Когда Шлак произнес издевательское прозвище, которое дал ему Хьюго из-за светлых, почти белых волос, Лука мучительно покраснел.

– Я – Лука, бригадир. Лука Стойчев.

– Что ж, запомню. Как я уже сказал, сегодня в моей бригаде освободилось место подрывника. Ты можешь его занять.

– Спасибо. Я доволен своим местом.

– Подумай до завтра. Дважды не предлагаю, – кивнув на прощанье, Шлак отошел.

– Ты голова-теряй? – затараторил, вцепившись в рукав Луки, ошарашенный Флик. – Это же шанс! Паек – сам-три, руки кровь-рви-нет, спина боль-гни-нет. Беда-забудь, иди-свисти. Ты-нет из-за Хьюго?

– Флик, потом. Жуй-молчи.

Приятель уткнулся носом в тарелку и засопел, но его обида, как уже не раз убеждался Лука, редко длилась долго. Вот и сейчас он, привалившись к его плечу, зашептал с заговорщицким видом.

– Смена-после ты-дом?

– Да, выспаться мечтаю. Голова тяжелая. Последние пару месяцев всякая ерунда снится, сил уже нет. А что?

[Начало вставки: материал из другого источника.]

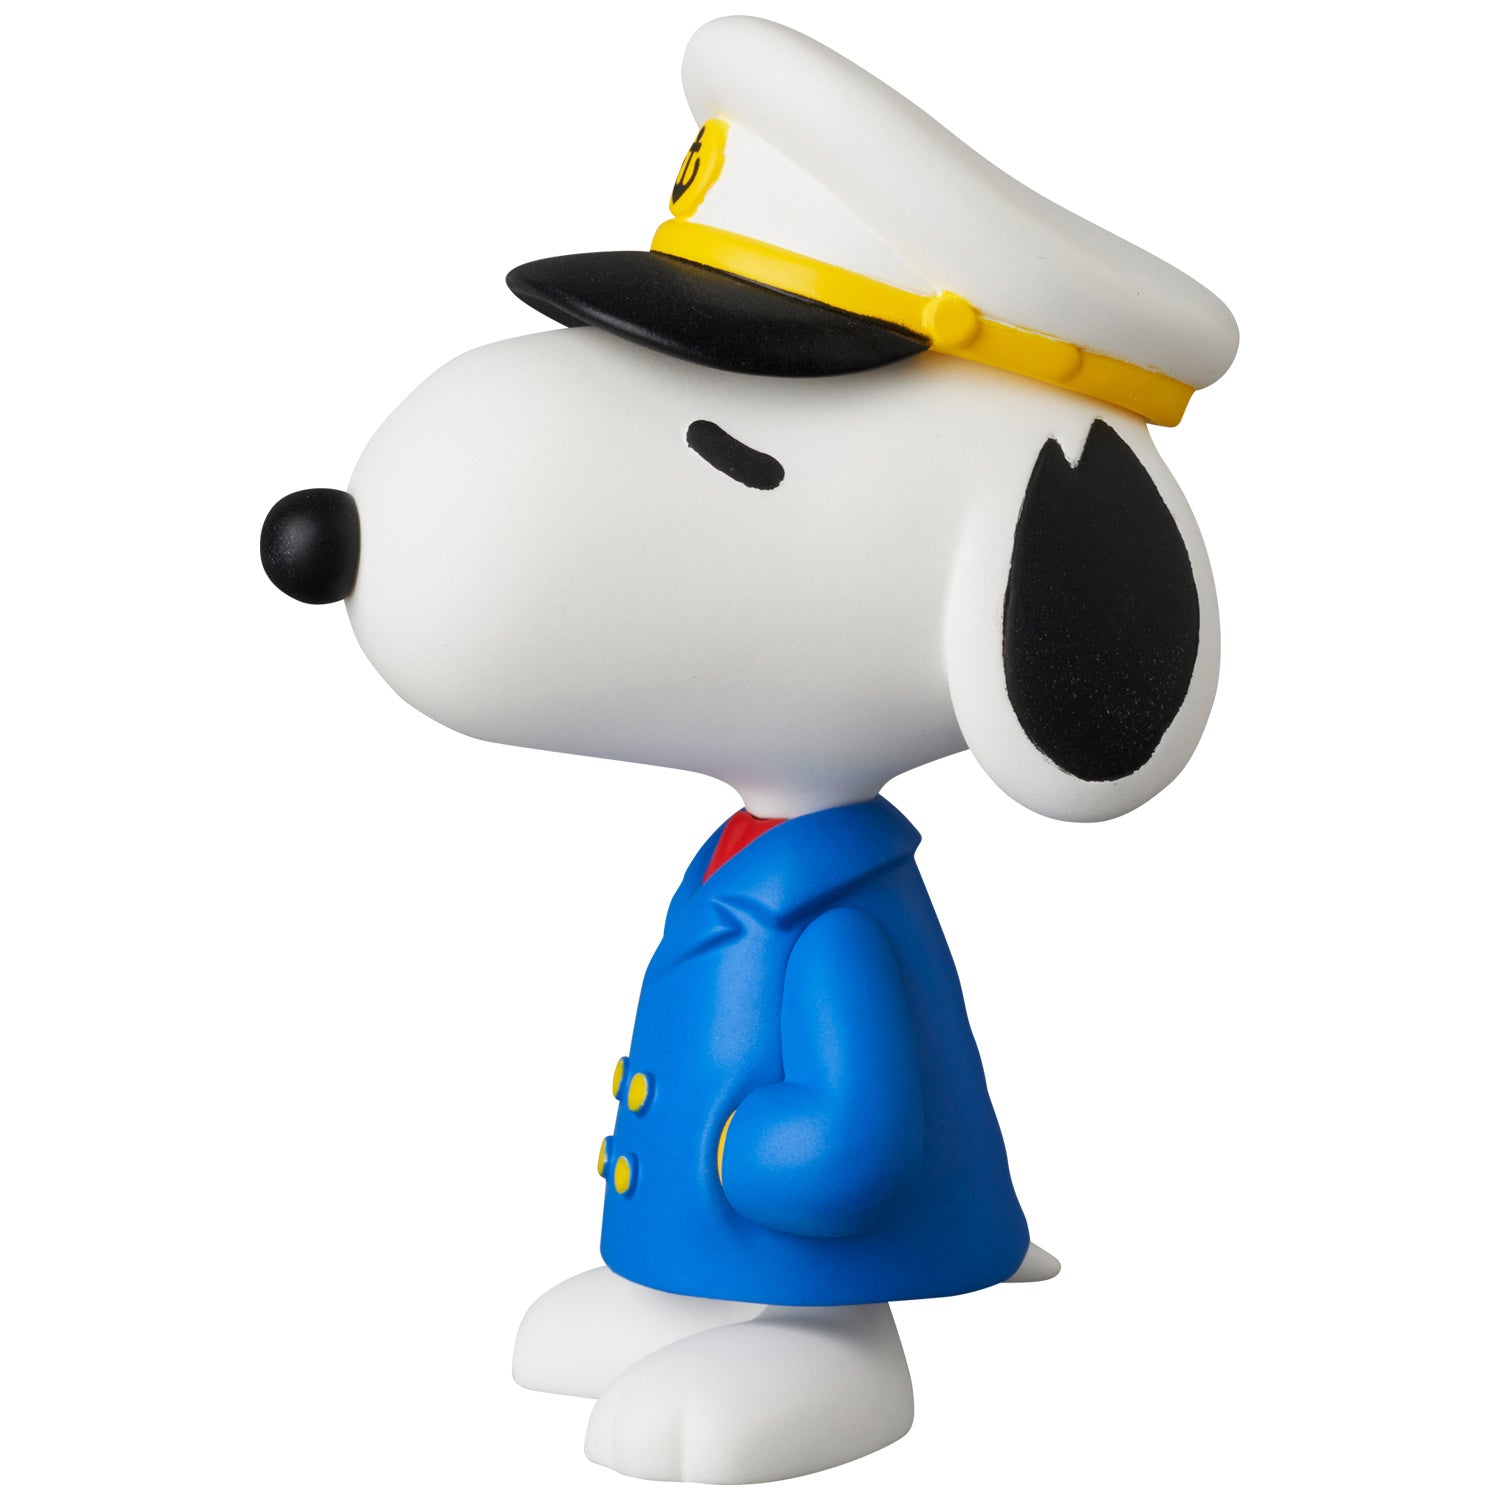 Medicom - UDF 767 - Peanuts Series 16 - Captain Snoopy - Marvelous Toys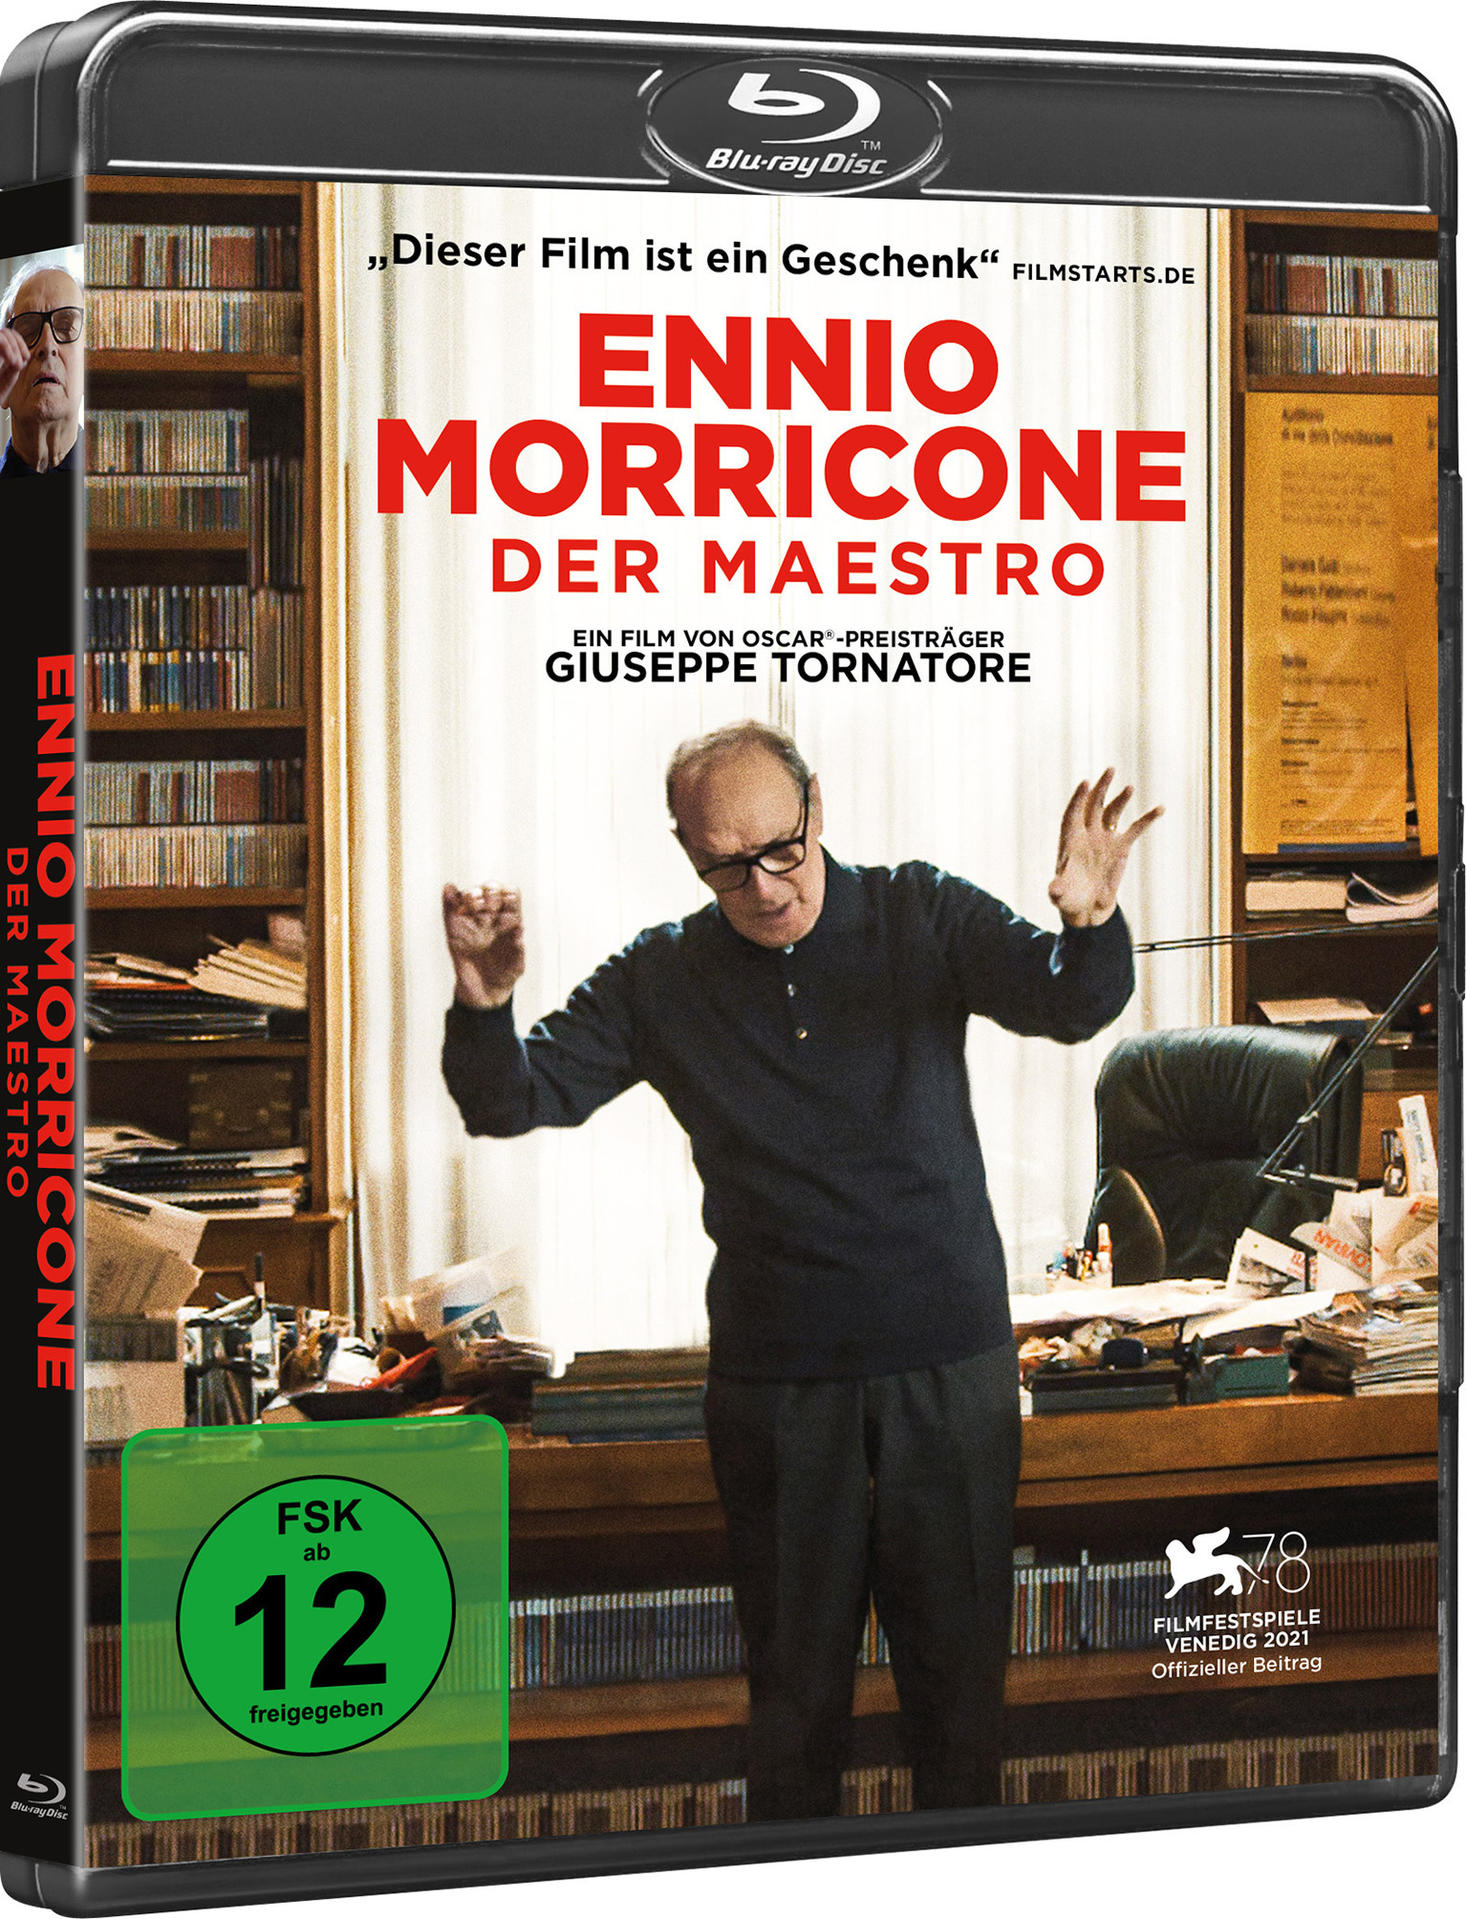 Blu-ray - Maestro Der Morricone Ennio

– Слушай, дело есть. Ящики-таскай – десятка-держи. Брат-зови, обман-нет.

– Брат? – переспросил Лука. Он помнил, как Флик хвастался, что он – единственный сын, которого бог даровал родителям после восьми глупых и бестолковых дочерей.

– Дальний брат, по крови матери, – чуть заметно смешался Флик.

Лука вспомнил, как пару дней назад, когда все расходились после смены, рядом с ними резко опустилось аэротакси, которое в этом районе увидишь не часто. Стекло медленно опустилось. Хорошо одетый господин поманил Флика пухлым пальцем, на котором сверкал золотой перстень с крупным зеленым камнем. Тот подбежал и быстро забормотал что-то, склонившись в поклоне, как перед наследным принцем. Лука мысленно усмехнулся, глядя на этот спектакль, и поймал себя на том, что испытывает странную, необъяснимую неприязнь к богатому родственнику друга.

– Дело-тьфу. Два-час, много-три – и весел-гуляй, деньги-карман, – втолковывал Флик.

Лука нахмурился. Тяжелой работы он не боялся и частенько подрабатывал на разгрузке барж в порту. Живые деньги, не талоны, да еще и целая десятка – щедрая плата за несколько часов работы. Но на сердце скреблась неясная тревога.

– Деньги-хорош. Но я пас.

– Сам-голова, – Флик старался сохранять невозмутимый вид, хотя Лука видел, что отказ друга его огорчил. – Сон-нет – приходи. Около Зелен-Конь, ночь-час.